Chief Justice Robin Jean Davis and Justice Thomas E. McHugh spent time with Afghan student Hume Manati in January to discuss the American judicial system.

Ms. Manati visited the Supreme Court of Appeals of West Virginia on January 4 and 5 as part of a weeklong visit in West Virginia.

Ms. Manati is a student in The Initiative to Educate Afghan Women program, which allows Afghan women to earn degrees in higher education.

The 20-year-old, from Kabul, Afghanistan, is a junior at Sweet Briar College in Sweet Briar, Virginia. She is pursuing her bachelor’s degree in interdisciplinary education with a focus on law.

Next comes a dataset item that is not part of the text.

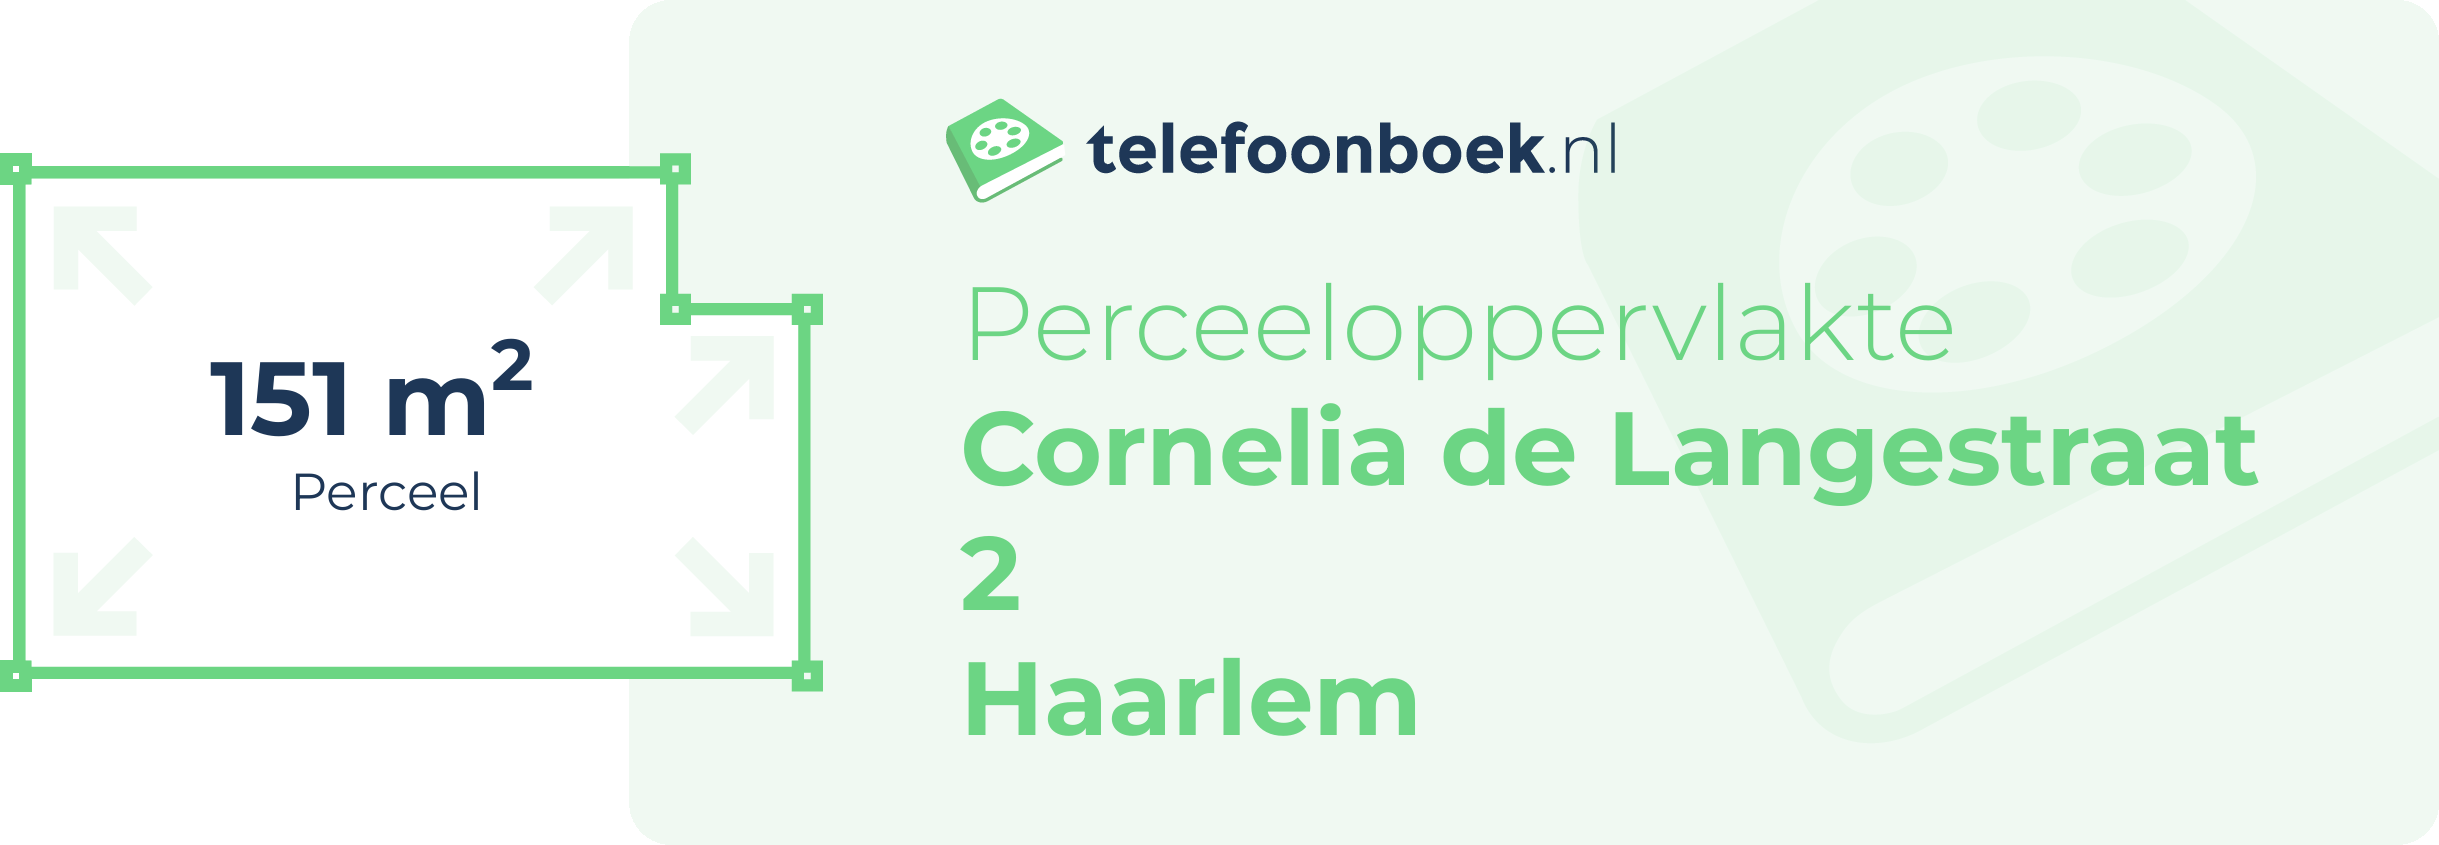 Perceeloppervlakte Cornelia De Langestraat 2 Haarlem

A Sweet Briar alumnus who also was a part of the IEAW program made Manati’s education in the United States possible. The program was founded by Paula Nirschel and began in 2002. There are forty-two women enrolled in the 2009-2010 academic year, studying at nineteen universities and colleges. The women are dispersed across the United States and are supported by college, university, and personal scholarships and funds.

The program is meant as a means for Afghan women to earn degrees in higher education and to continue in masters programs. The women must agree to return to Afghanistan in the summers between semesters and permanently after they graduate to help rebuild their country.

After first visiting the United States in 2004 as a part of a high school exchange program, Ms. Manati found the American education system to be “privileged” in comparison to the education system in Afghanistan.

"The education system in my home country is very different and needs much updating,” Ms. Manati said. “It’s so sad. Often our books are so far behind, we miss out on all new advances in the world simply because our books are not up-to-date.”

Ms. Manati said she plans to also attend law school in the United States after she  earns her bachelor’s degree.

Ms. Manati told Chief Justice Davis that the thing that astonished her most when she came to the United States was the availability of legal rights. “Here a woman can ask for her rights, and even if you cannot afford an attorney you can be provided one. That is what I most respect about the American judicial system, the equality.”

Justice McHugh asked Ms. Manati what she would most remember of her stay in the United States, to which she responded, “My degree will be the biggest thing I take home with me. I do not know where I will end up working, but I do know I will have a law degree.”

Supreme Court Administrative Director Steve Canterbury and Supreme Court Clerk Rory Perry also met with Ms. Manati as she toured the Supreme Court Chamber. While in Charleston, Ms. Manati shadowed lawyers at Bailey & Glasser. Later, she visited Washington, D.C., where she listened to a U.S. Supreme Court hearing and met with various political figures.

“The experience was definitely a learning process for me,” said Ms. Manati. “Meeting these legal professionals has been very helpful to my decision to carry on into the legal profession.”